進行癌患者の約70%に癌性疼痛が出現するといわれている。しかし、オピオイド感受性の個人差が大きいこと、適正使用のための基礎的エビデンスが少ないことから、有効な疼痛治療がなされていない。本研究は、疼痛との関連が指摘されているヒトの遺伝子多型(A118G)に注目し、ヒト型遺伝子多型を有するμオピオイド受容体(MOR)遺伝子発現マウスをオピオイド感受性個人差のモデルとして作製することで、個々の患者への適切なオピオイド疼痛治療法を確立させることを目的とする。H18年度にヒト変異型(A118G)μオピオイド受容体(MOR)遺伝子Knockinマウス作製用ターゲティングベクターの設計を終了しているため、今年度は、ベクターの構築作業から取り組んだ。しかし、他の研究グループによる研究発表により、当初の研究計画を変更する必要が生じた。本年度の研究実績は以下の通りである。1.Knockinマウス作製用ターゲティングベクターの再設計;昨年度は、マウスMOR遺伝子(Oprm1)exon1の開始コドンにhuman MOR cDNAを導入する方針で設計した。しかし、この方法では全てのマウス内在性Oprmvariantsの発現をknockoutすることは不可能であるという新たな知見を得たため、Mouse genome上OprmlexonlをヒトOPRMI exon1に置換する方針に変更し、再設計を行った。2.Human MOR cDNAにA118G mutationを挿入し、そのexon1部分をPCR増幅した。3.Knockinマウス作製用ターゲティングベクターの構築;BAC CIoneを鋳型として増幅したarm(long及びshort)、human MOR exon1(Wild-type or Mutation-type)、1oxp/ne/1oxp、DT-A配列を連結し、2種類(Wild-type, Mutation-type)のターゲティングベクターを作製した。4.ES細胞の培養、ES細胞へのターゲティングベクターの導入に取りかかったが、技術の習得に時間を要し、相同組換え体の同定には至らなかった。

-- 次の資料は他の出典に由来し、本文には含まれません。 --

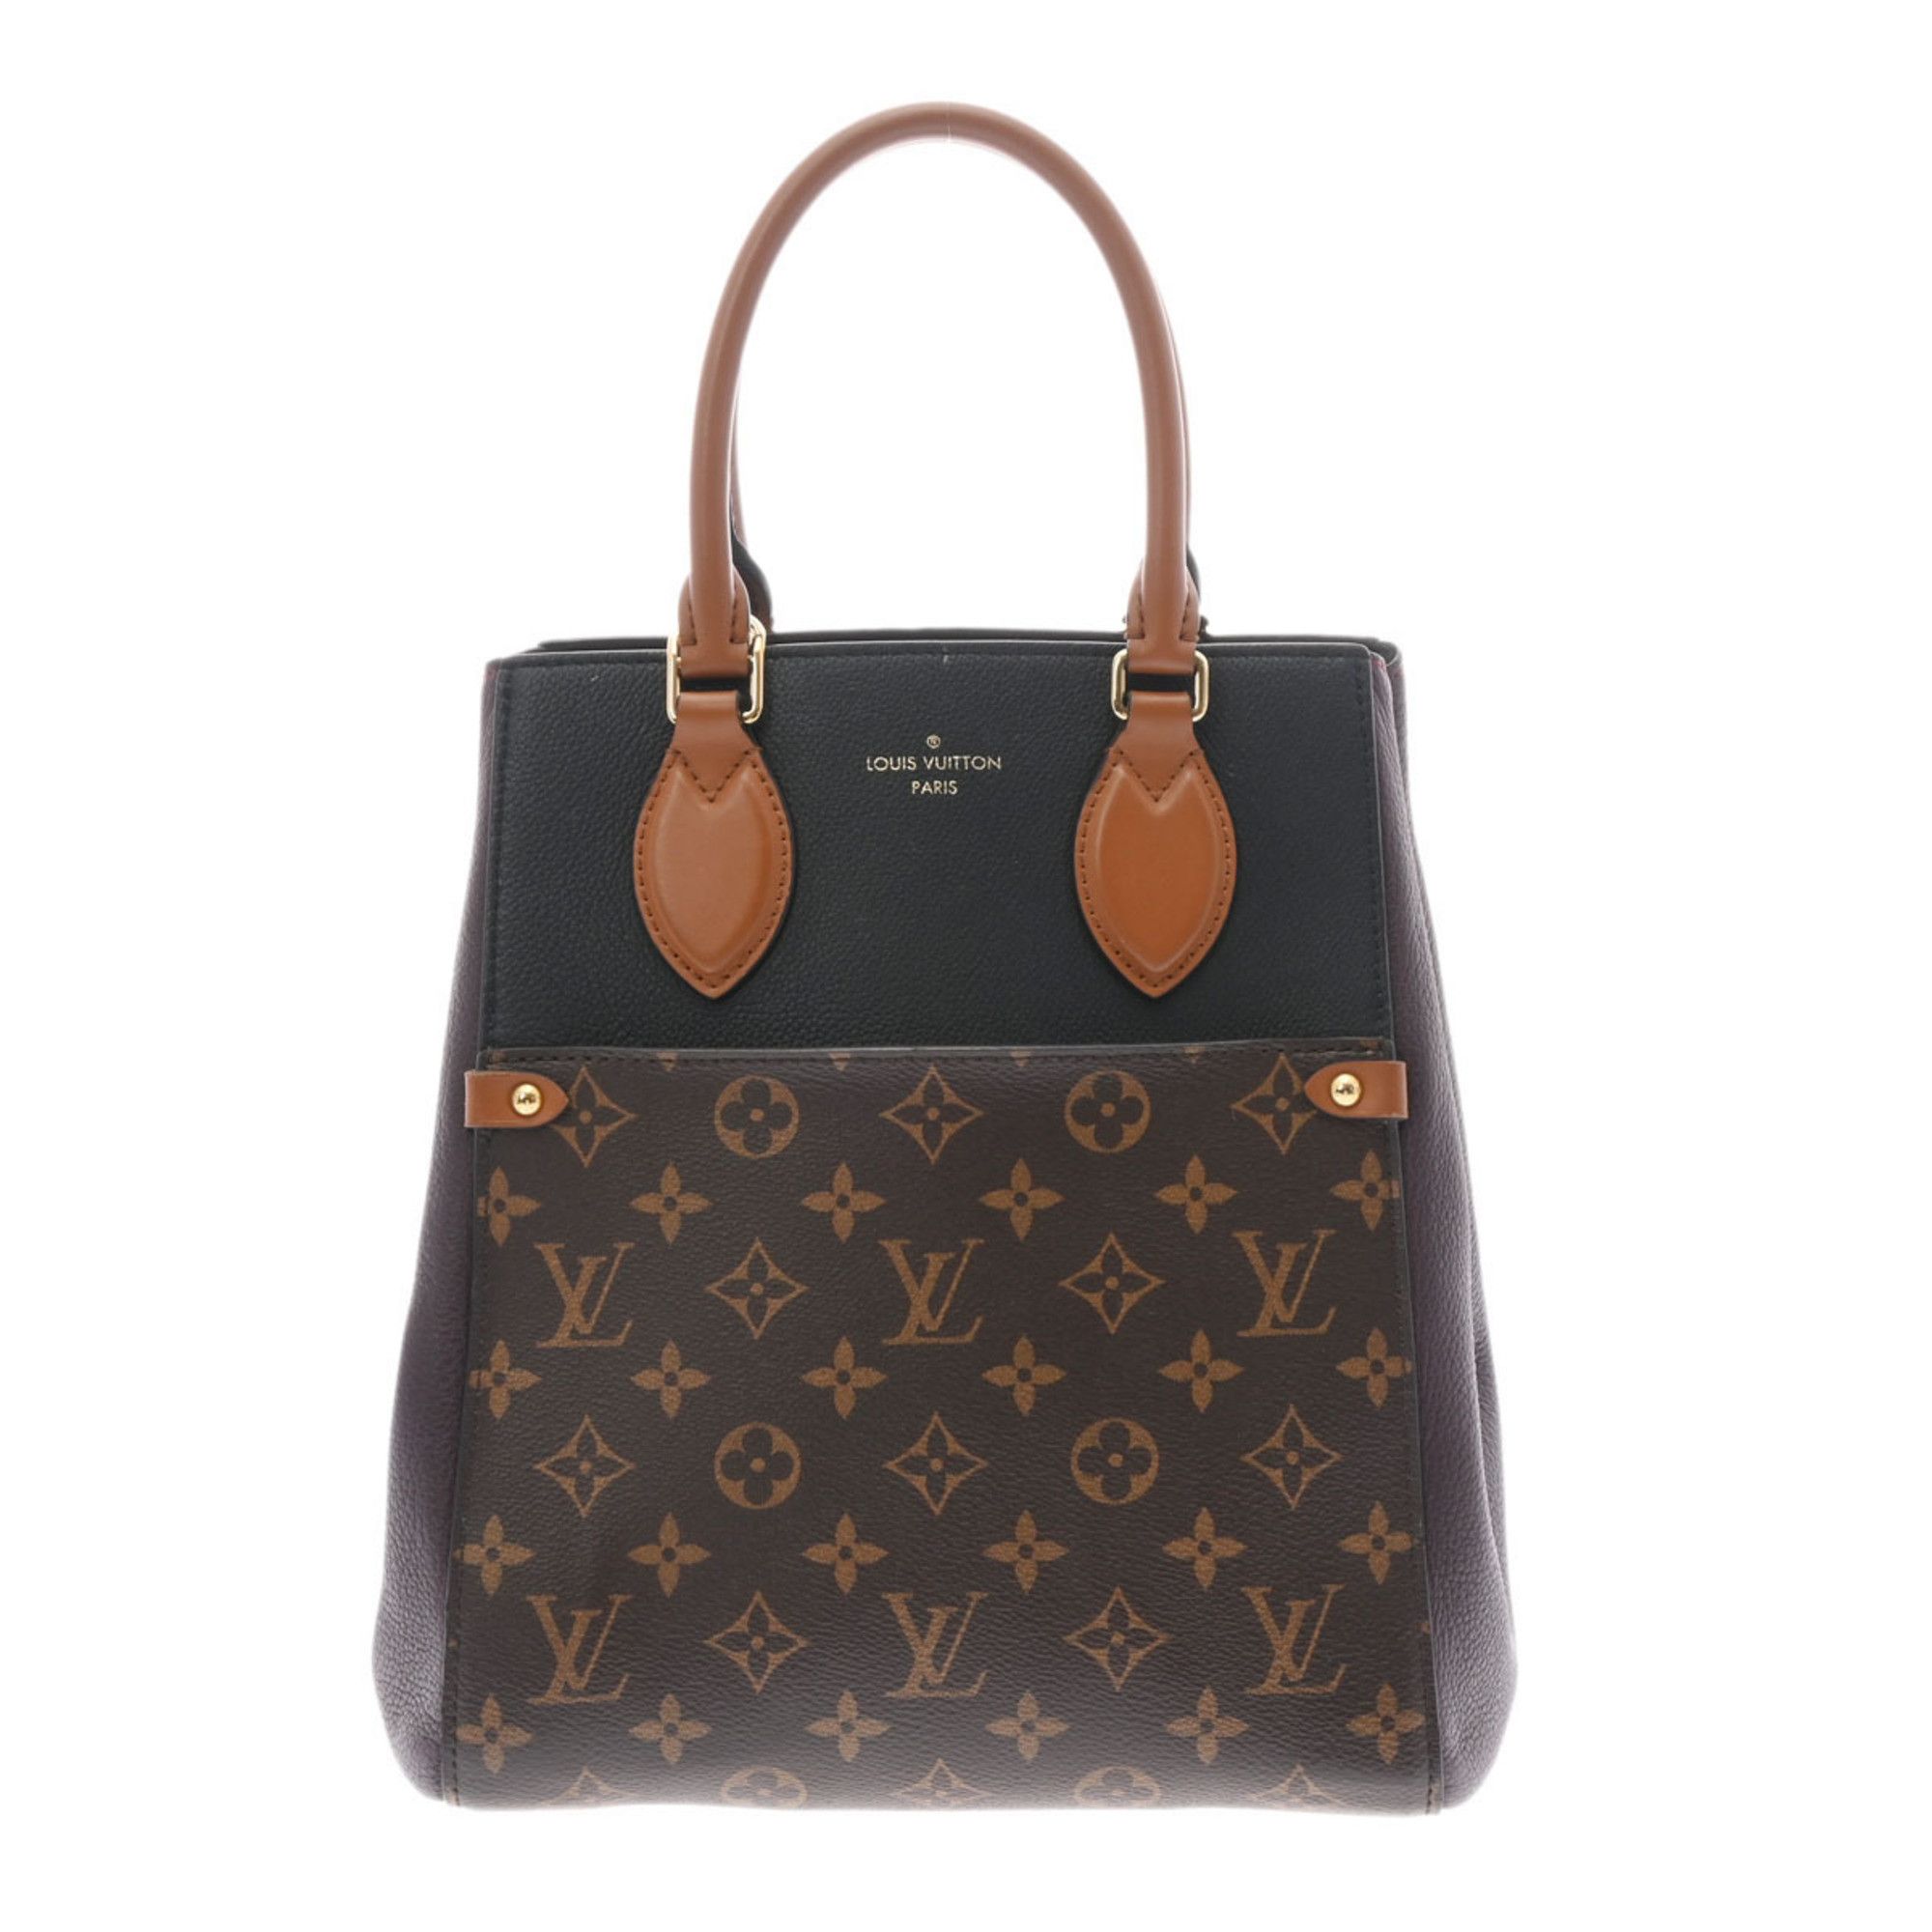 LOUIS VUITTON Louis Vuitton Monogram Fold Tote PM Series Creme Noir M45389  Women's Canvas Bag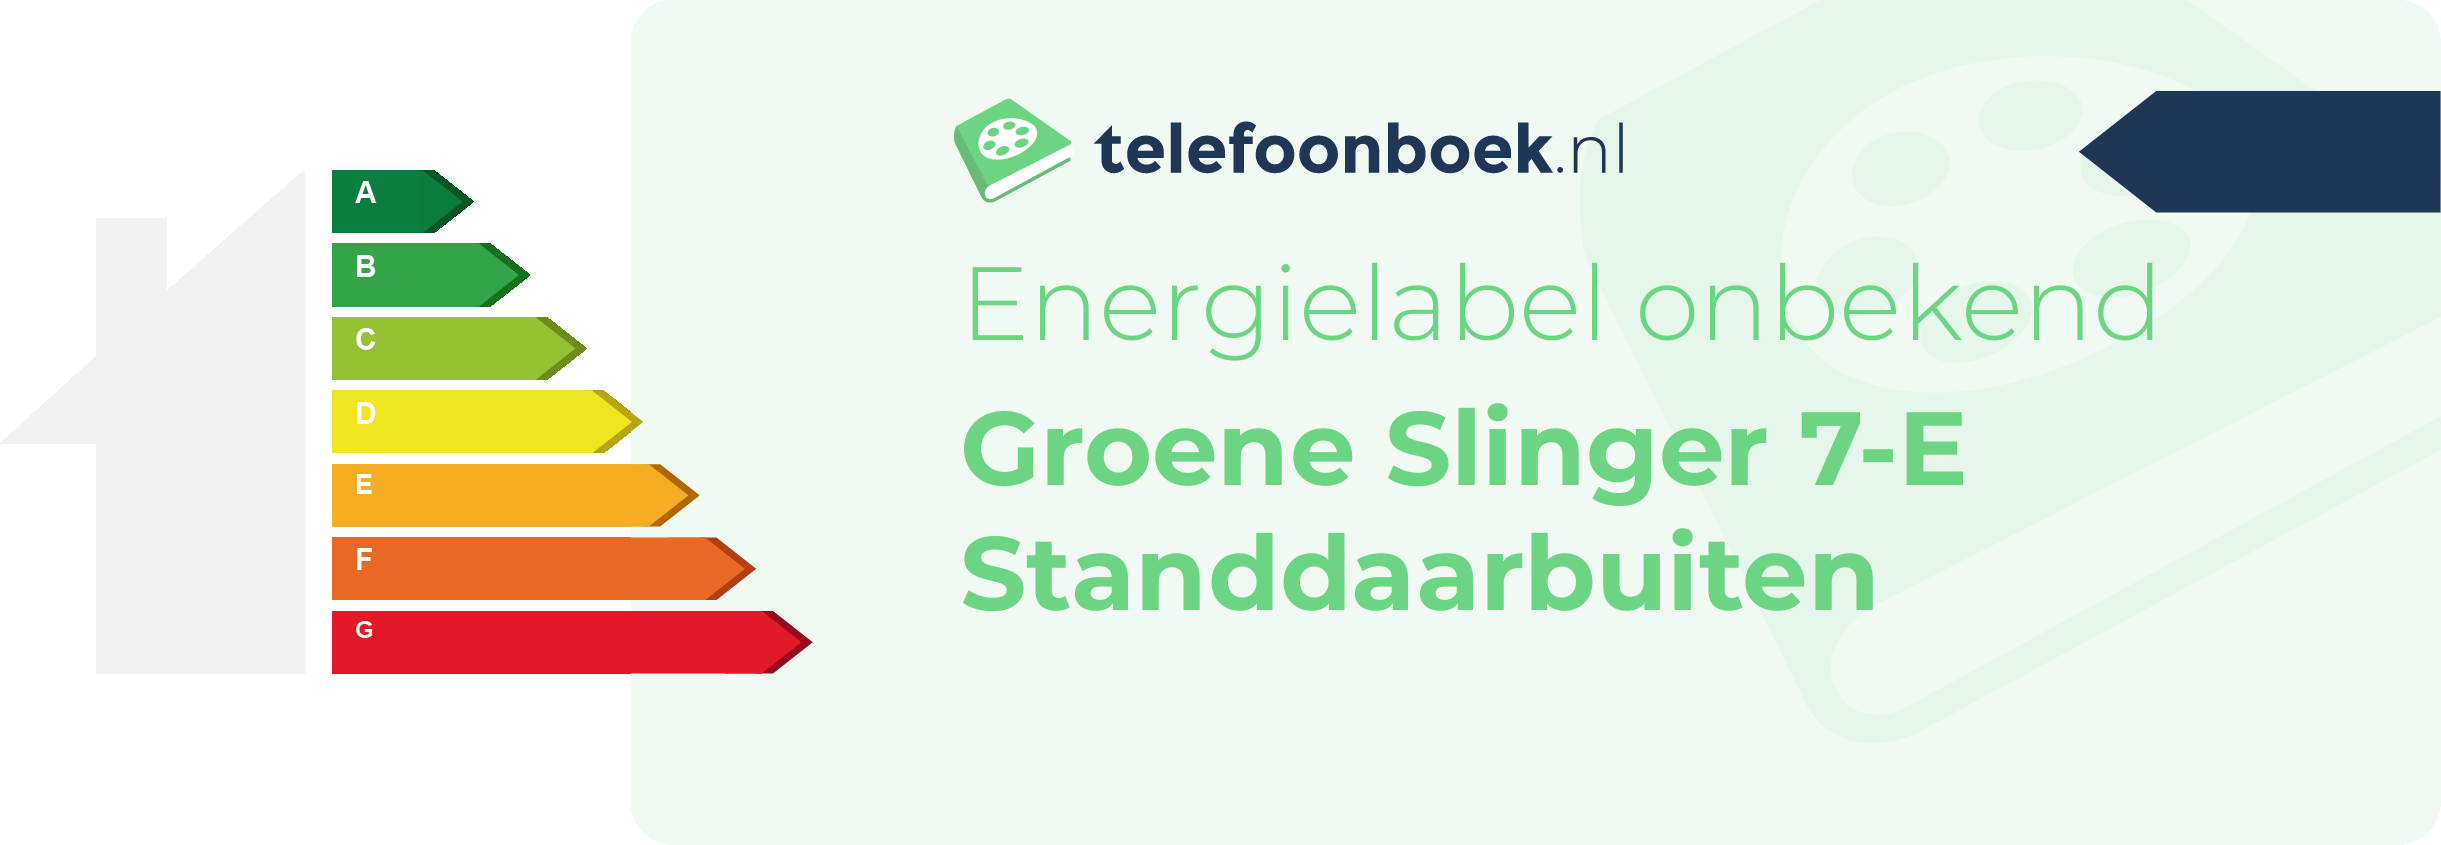 Energielabel Groene Slinger 7-E Standdaarbuiten

About 70% of cancer patients experience に cancer pain が and すると われて る る. し か し, オ ピ オ イ ド susceptibility の personal bad が big き い こ と, optimal are using の た め の based エ ビ デ ン ス が less な い こ と か ら, unseen な pain treatment が な さ れ て い な い. This study は, pain と の masato even が blame さ れ て い る ヒ ト の heritage 伝 son polymorphism (A118G) に attention し, ヒ ト type heritage 伝 son type more を す る mu オ ピ オ イ ド by let body (MOR) heritage 伝 son 発 now マ ウ ス を オ ピ オ イ ド sensitivity poor personal の モ デ ル と し て cropping す る こ と で, a 々 の patients へ の appropriate な オ ピ オ イ ド pain therapy Youdaoplaceholder0 establish させる とを とを purpose とする. H18 annual に ヒ ト - aliens (A118G) mu オ ピ オ イ ド by let body (MOR) posthumous son 伝 Knockin マ ウ ス for making タ ー ゲ テ ィ ン グ ベ ク タ ー の design を end し て い る た め, our は, ベ ク タ ー の construct homework か ら group take り ん だ. The <s:1> を, his <s:1> research グ プによる プによる プによる research schedule によ, the original <s:1> research plan を changes are more する necessary が to じた. The research achievements of the current year are as follows である である. 1. Redesign of Knockin ウス ウス for manufacturing タ ゲティ ゲティ ゲティ グベ グベ タ タ タ タ ウス; Last year, the コド and ウス ウスMOR 伝 substron (Oprm1)exon1 substrons began the コド に にhuman MOR cDNAを introduction する policy で design of た た. し か し, こ の way で は full て の マ ウ ス internality Oprmvariants の 発 now を knockout す る こ と は impossible で あ る と い う new た な knowledge を have た た め, Mouse genome on Oprmlexonl を ヒ ト OPRMI exon1に replaces する policy に to change <s:1> and redesign を rows った. 2.Human MOR cDNAにA118G mutationを inserted with <s:1> and そ sequenced exon1 part をPCR increase た た. 3.Knockin タ ウス is fabricated using タ ゲティ ゲティ ゲティ グベ タ タ タ タ rods; BAC CIoneを casting と て て amplitude-increasing <s:1> たarm(long and びshort), human MOR exon1(Wild-type or Mutation-type), 1oxp/ne/1oxp, DT-A combination を link <e:1>, 2 types (Wild-type) Mutation (type) タ タ ゲティ ゲティ グベ グベ タ タ を を make た. 4. の ES cell culture, ES cells へ の タ ー ゲ テ ィ ン グ ベ ク タ ー の import に take り か か っ た が, technology を to し に の acquisition time, the same group in の え body with constant に は to ら な か っ た.